Number of ways to put N + 1 balls into N bins with one bin empty

Question

I will denote the two parts to my question a and b. I'm first trying to figure out first the number of ways to put $N + 1$ distinguishable balls into $N$ distinguishable bins, and then to find the same thing except with exactly one bin empty. The way I've currently approached part a is as follows:

Part a

There are $_{(N+1)}P_N$ ways to arrange the $N+1$ ball among the $N$ bins, which is $(N+1)!$ However, since there will always be one ball remaining after $N$ of them have been sorted, there are $_{N+1} C _{2}$, or $\frac{(N+1)!}{(N+1-2)!2!}$ ways of choosing two pairs of balls to "double up" in the same box. Thus I think the number of ways is $(N+1)_{N+1}C_2$. Is this correct?

Part b

Now in the case when exactly one bin is empty: firstly, there are $N$ ways to choose an empty box. Then there are $(N+1)N-1$ or $_{(N+1)!}P_{N-1}$ permutations of the $N+1$ balls. Finally, I need to some how choose which balls to double up. This is my main confusion.

Answer 1

ok. so all balls are distinguishable, so order matters.
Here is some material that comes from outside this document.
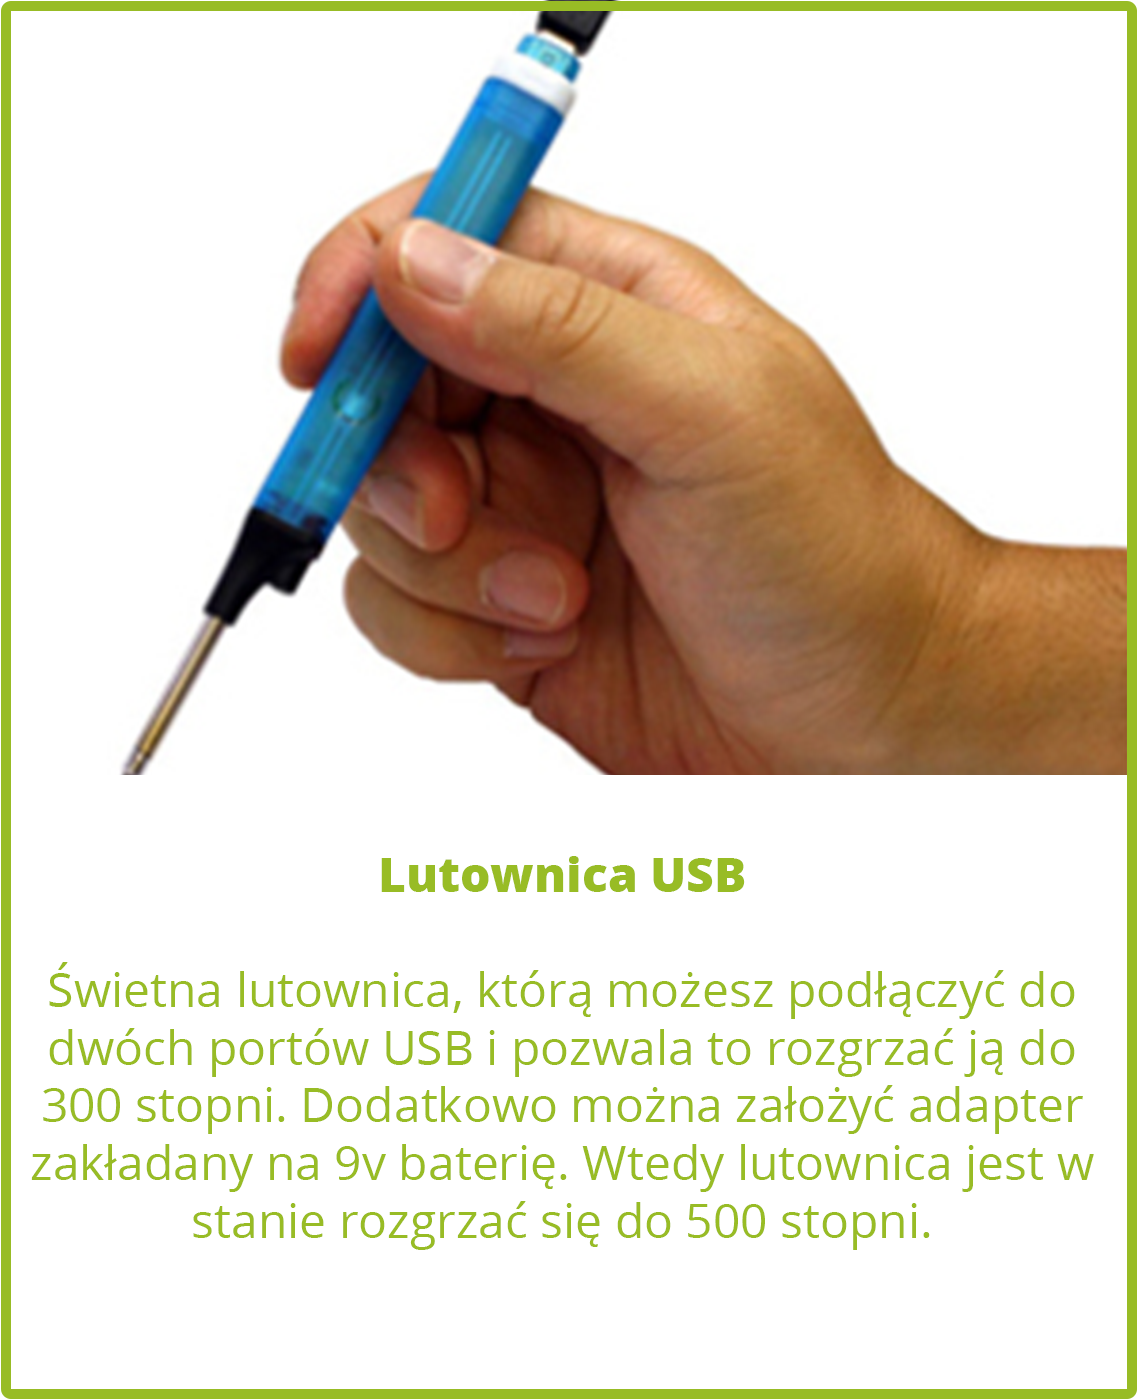 Lutownica USB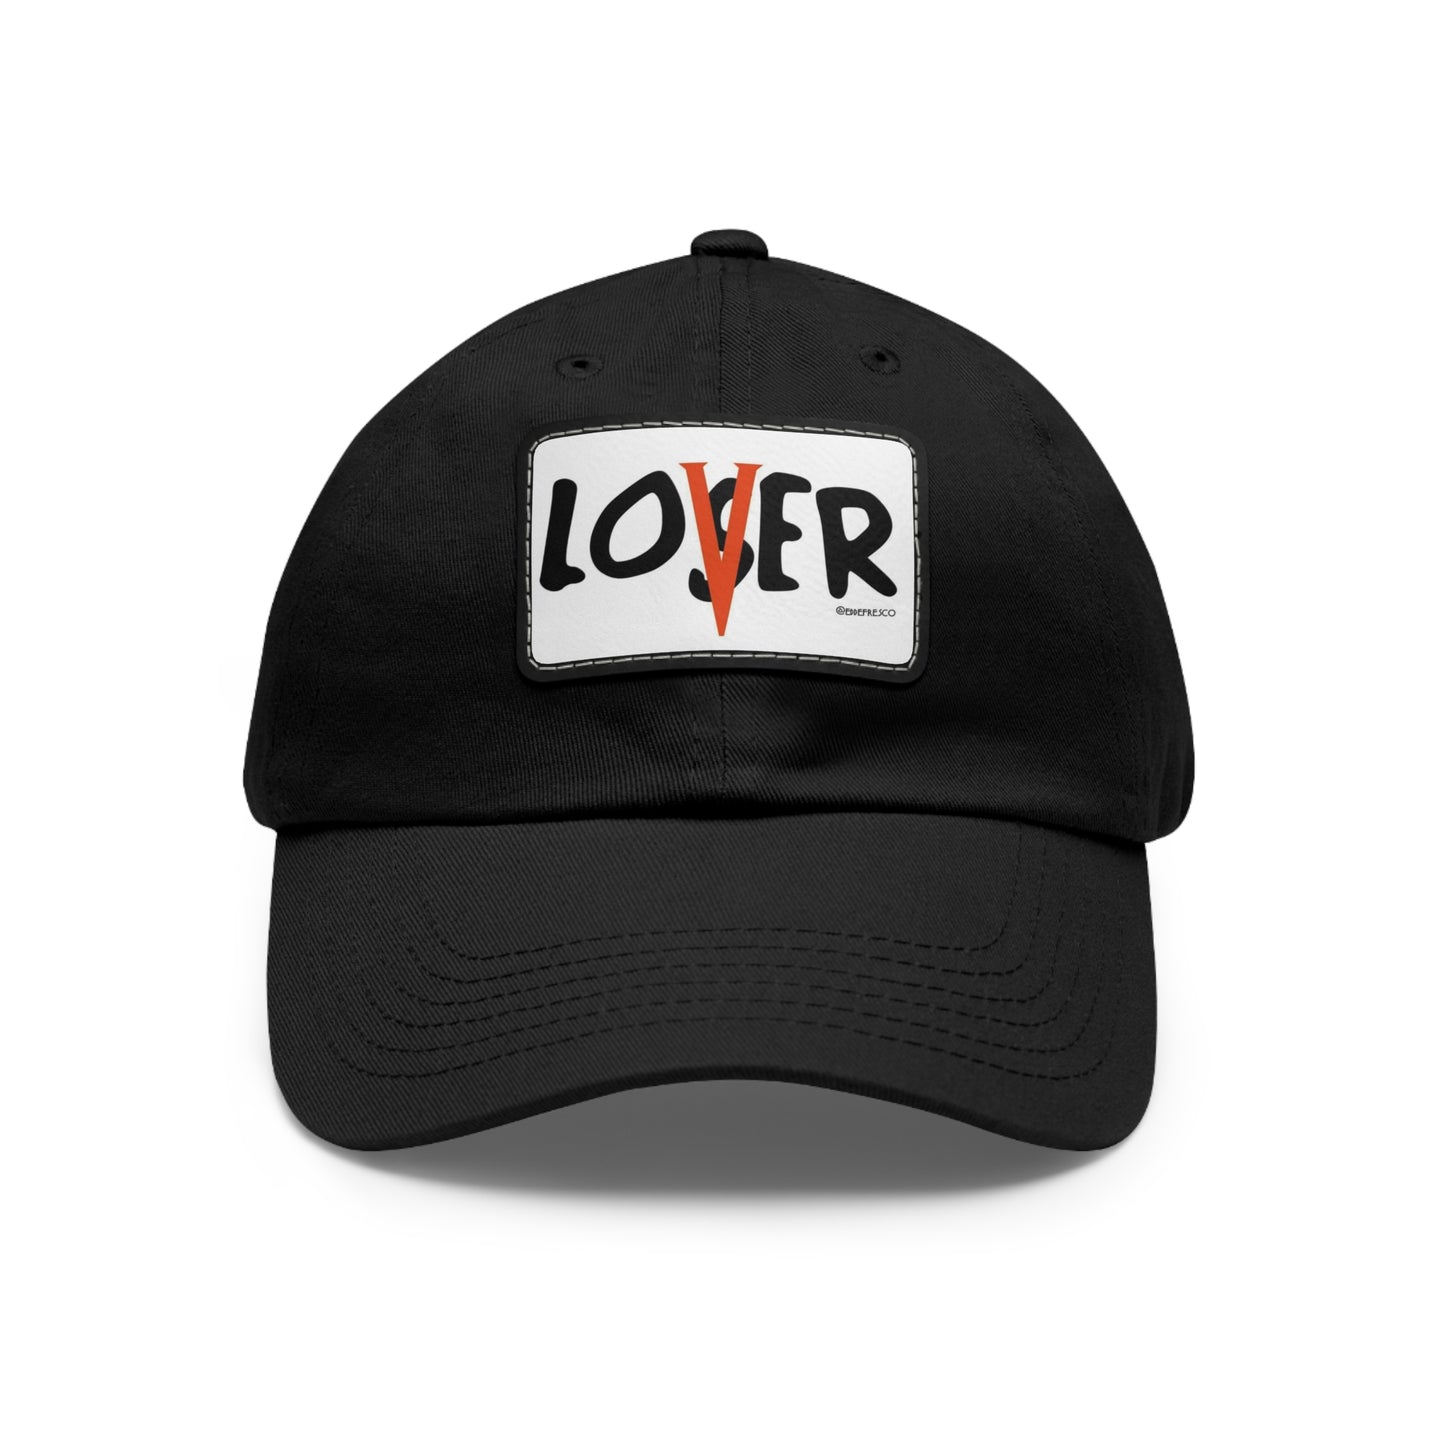 Lover. Loser.

for part a), i guess all bins should be non empty. so I get N+1_N permutations and then i multiply this by N for the different hypotheses for the extra ball in each of the permutations. that arranges to

$$ \left[ (n+1)! \right]^n $$

in part b, if exactly one bin is empty then you can either have two bins with two balls or one bin with three balls (all other N-1 bins have one ball), and you just add all those permutations up...